When hired as a regular New Yorker movie critic, she took that doctrine to an audience that proved enthusiastic and loyal. She became the great star among New Yorker critics, then the most influential figure among critics in any field. Books of her reviews, bearing titles such as I Lost it at the Movies, Kiss Kiss Bang Bang and When the Lights Go Down, sold in impressive numbers. Critics across the continent became her followers. Through the 1970s and '80s, no one in films, except the actual moviemakers, was more often discussed.

It was only in the late stages of her New Yorker career (from which she retired in 1991) that some of her admirers began saying she had sold her point of view too effectively. A year after her death (in 2001) one formerly enthusiastic reader, Paul Schrader, a screenwriter of films such as Raging Bull and Taxi Driver, wrote: "Cultural history has not been kind to Pauline."

Kael assumed she was safe to defend the choices of mass audiences because the old standards of taste would always be there. They were, after all, built into the culture. But those standards were swiftly eroding. Schrader argued that she and her admirers won the battle but lost the war. Acceptable taste became mass-audience taste, box-office receipts the ultimate measure of a film's worth, sometimes the only measure. Traditional, well-written movies without violence or special effects were pushed to the margins. "It was fun watching the applecart being upset," Schrader said, "but now where do we go for apples?"

This brings us to Will Smith, the perfect post-Kael moviemaker. In the 1990s, as he set out to become a big star, he and his manager examined a list of the 10 all-time most popular movies. They discovered that all of them used special effects. Nine out of 10 were special-effects movies with creatures (from another planet, or maybe the future), eight out of 10 were special-effects movies "with creatures and a love story."

As Smith summarized on 60 Minutes, " Independence Day and Men in Black were really no-brainers." This was presented with pride and satisfaction.

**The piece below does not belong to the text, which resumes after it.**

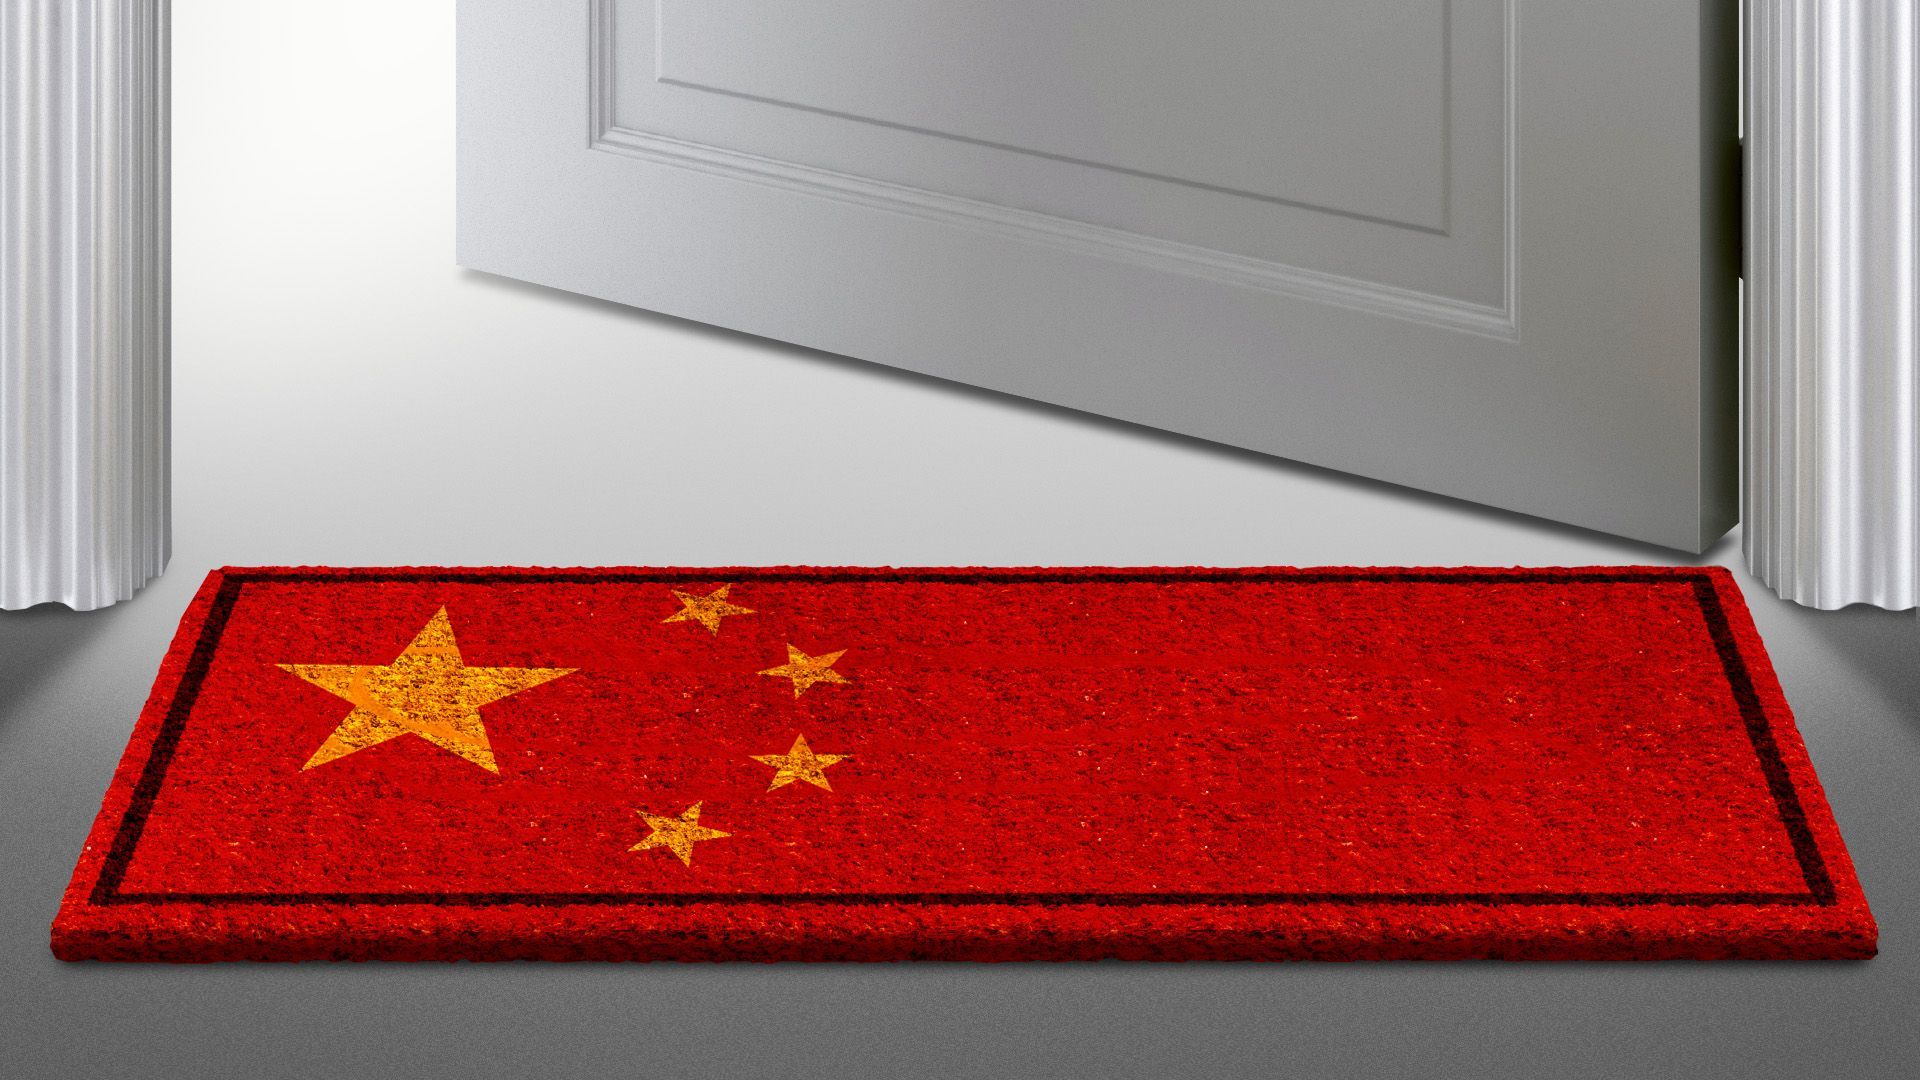 Illustration of a chinese flag doormat in front of an open door

A witty script can sometimes bring to life a special-effects movie, like Men in Black. But these films are in essence technical rather than artistic achievements. Under the pressure of the effects, imagination crumples. Last year, Popular Mechanics chose the Top 10 special-effects films, including Terminator 2. One reader responded by claiming to have watched it more than 70 times --but still loved it.

In truth, of course, neither the weird cramping of that fan's taste nor the generalized malaise of the movie houses can be blamed on Pauline Kael. Equally, those of us who read her, quoted her and took what she said seriously have no compelling reason to enter a guilty plea. Kael, an independent spirit if ever there was one, turned out to be part of a much larger shift, which she didn't understand any better than the rest of us.

It was the dynamic that turned most of the slick magazines into abject publicity sheets. It was the same mysterious impulse that drove university professors to write books about Buffy the Vampire Slayer. It was the trend that made the programs of the CBC sound silly even on the rare occasions when they aren't trying to be.

It was the spirit of the age, that old devil Zeitgeist, unstoppable as always. In 1933, Aldous Huxley wrote, "The Zeitgeist is a most dismal animal, and I wish to heaven one could escape from its clutches." Not possible, as it turned out. Huxley went to Hollywood and wrote films that left him with a sense of shame. Later he became renowned for helping to popularize LSD.

Not long before she died, Pauline Kael remarked to a friend, "When we championed trash culture we had no idea it would become the only culture." Who did?